Allegation 1 – Access to Bureau networks without approval during the period 30 August – 28 September 2022

  1. It is not disputed that Mr Ren did indeed access the Bureau’s networks from overseas as alleged.  It is Mr Ren’s position that he had prior approval provided to him by Mr Le Marshall, Dr Smith and Dr Su to work remotely and that this included working overseas.  He asserts that it was his employer who facilitated the enablement of his mobile phone and computer with the necessary technology to access its systems from remote locations, including overseas.  Further, he indicates that his employer was aware of his working remotely and did not object. Moreover, that other employees also worked remotely and that while on leave he was in fact performing work to the benefit of his employer.

  1. Mr Ren has provided some evidence to support this position.  I accept that he had genuinely formed the impression that he had the implicit permission of his employer to work from wherever was convenient to him.  Further, that he considered the formal process of requesting leave and remote working approval (from home or overseas) were not that serious and could be either arbitrarily changed or disregarded provided he performed his duties.
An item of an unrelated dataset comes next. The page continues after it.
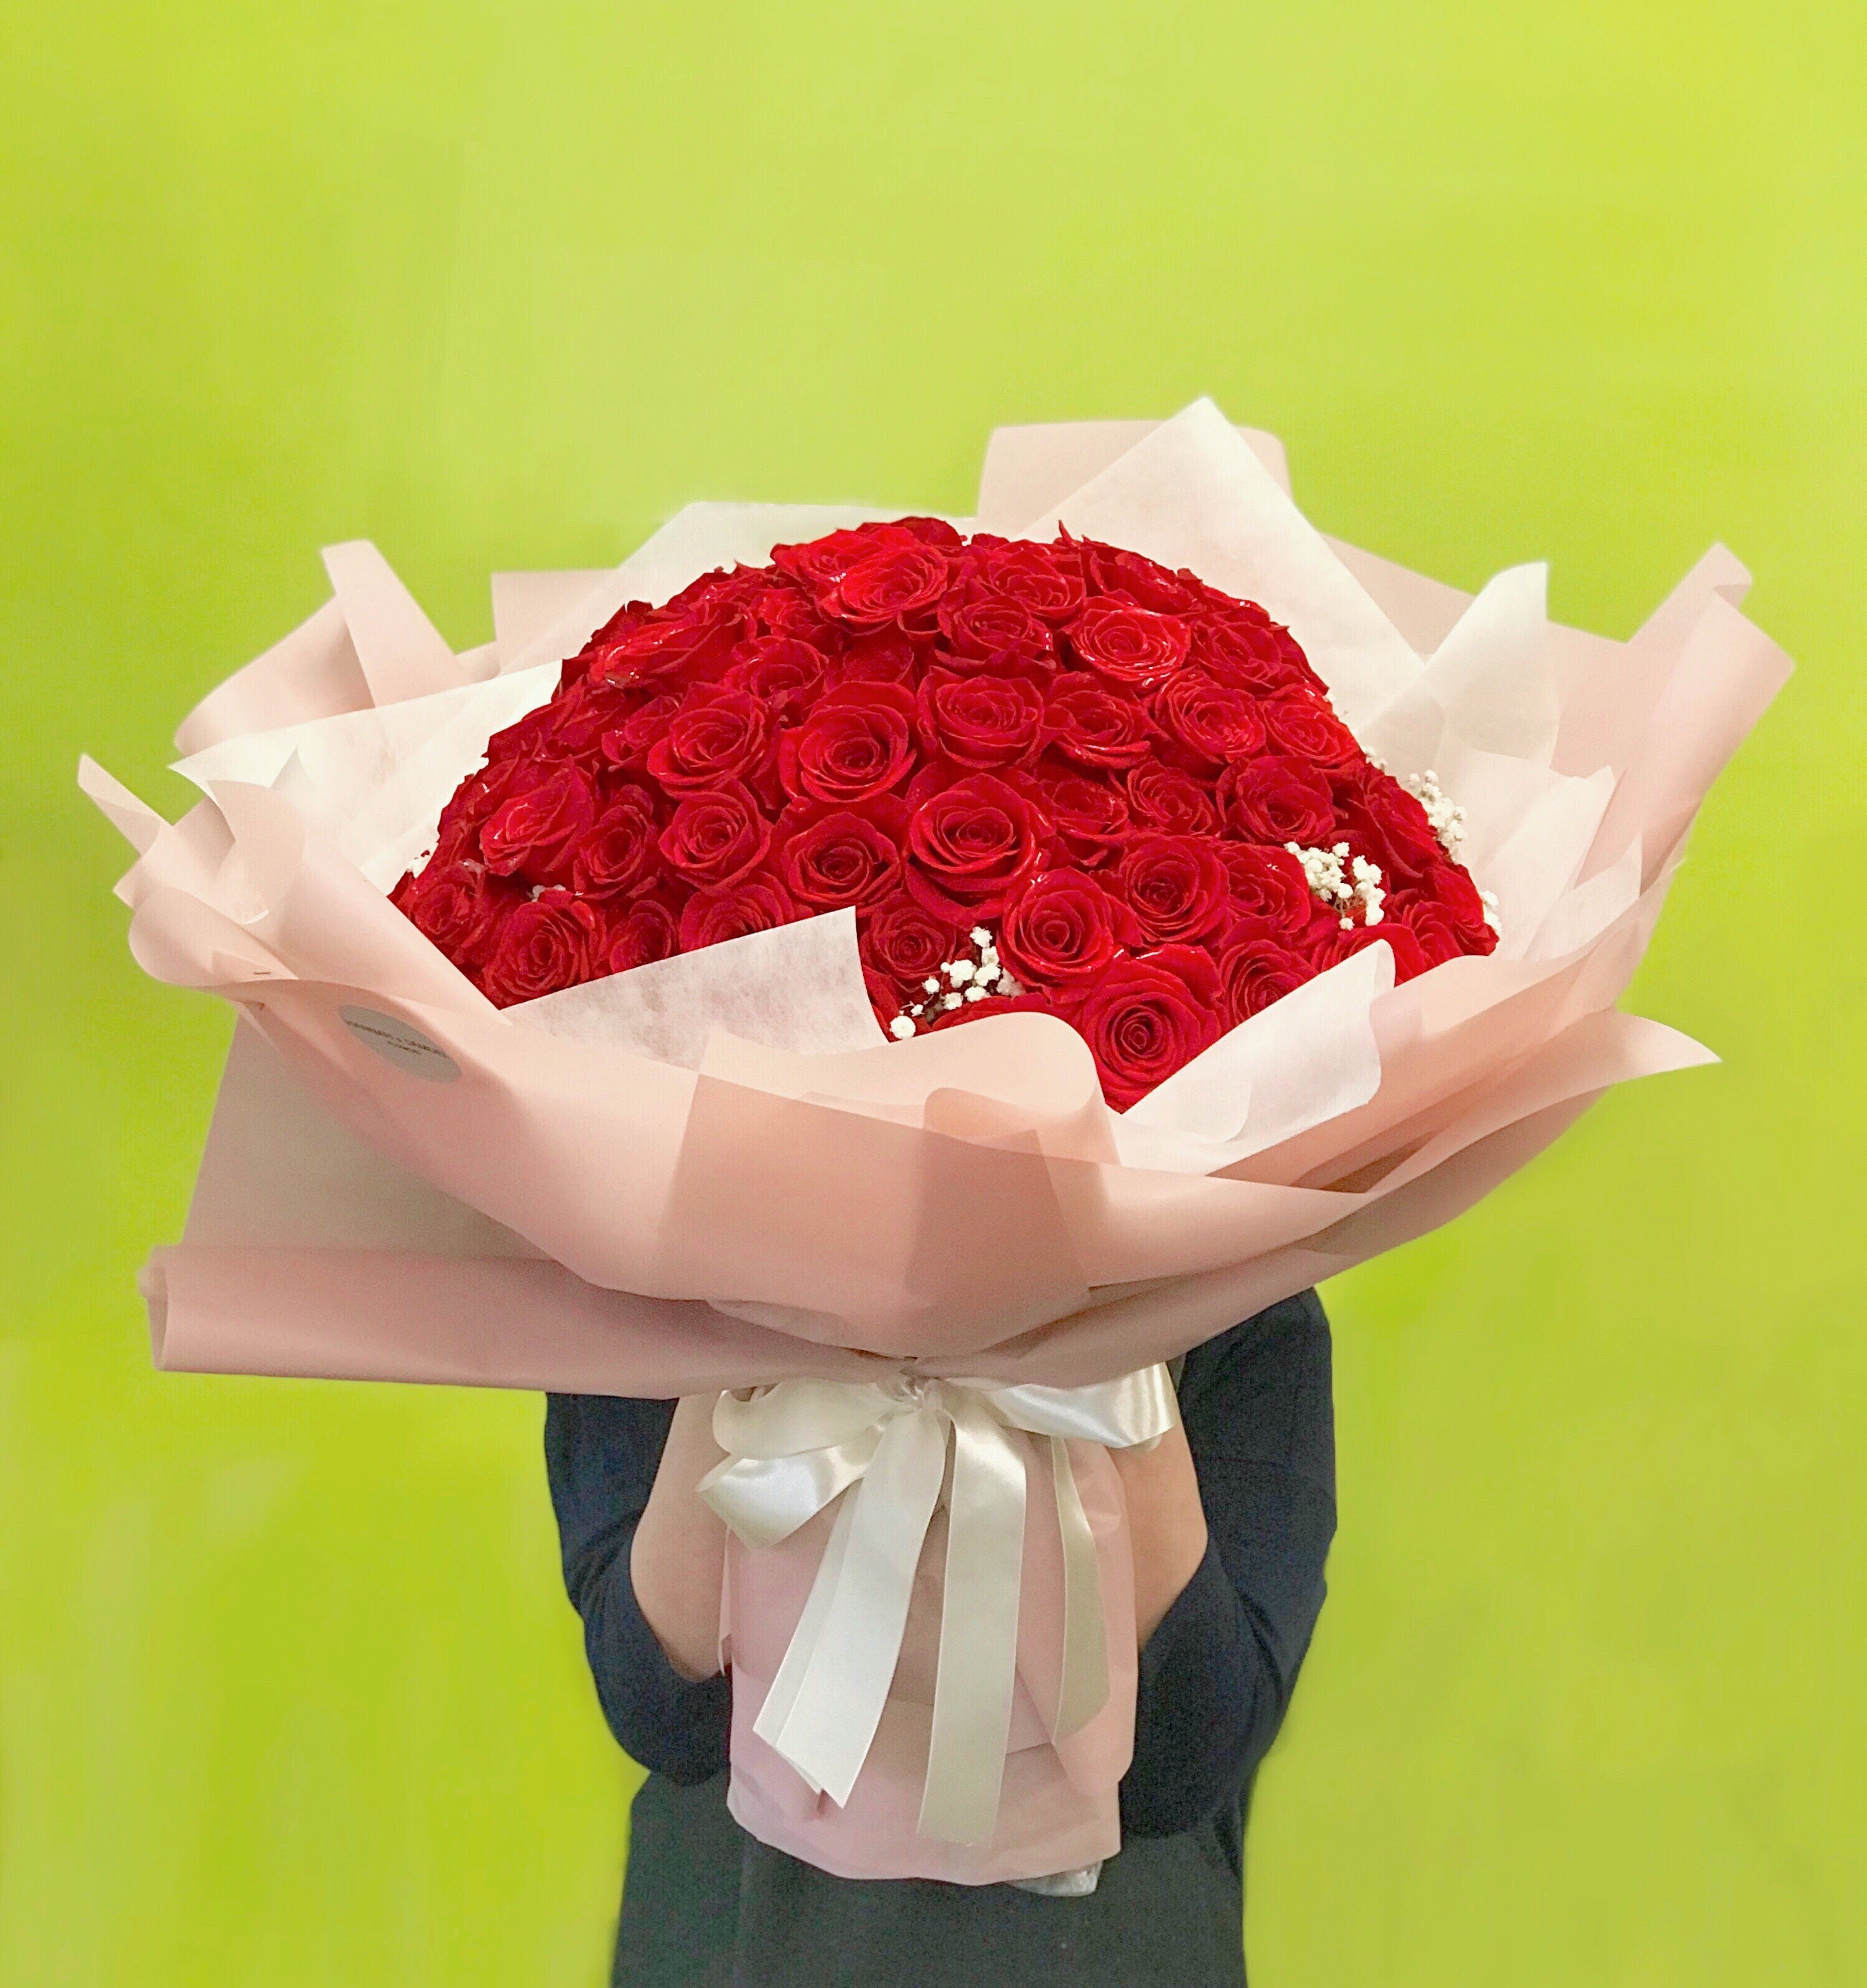 HC-116 Proposal Roses Bouquet

  1. The Respondent accepts that during the Covid period prior to November 2021 it provided some latitude to employees, including Mr Ren to work remotely, including from home and overseas.  They submit however, that this was done with the explicit knowledge, permission and authority of the employer.  Its evidence is that employee devices were necessarily enabled for this purpose.  Employees were required to submit requests for working from home or remote locations in accordance with the required policies and procedures and that these were considered on an individual basis. 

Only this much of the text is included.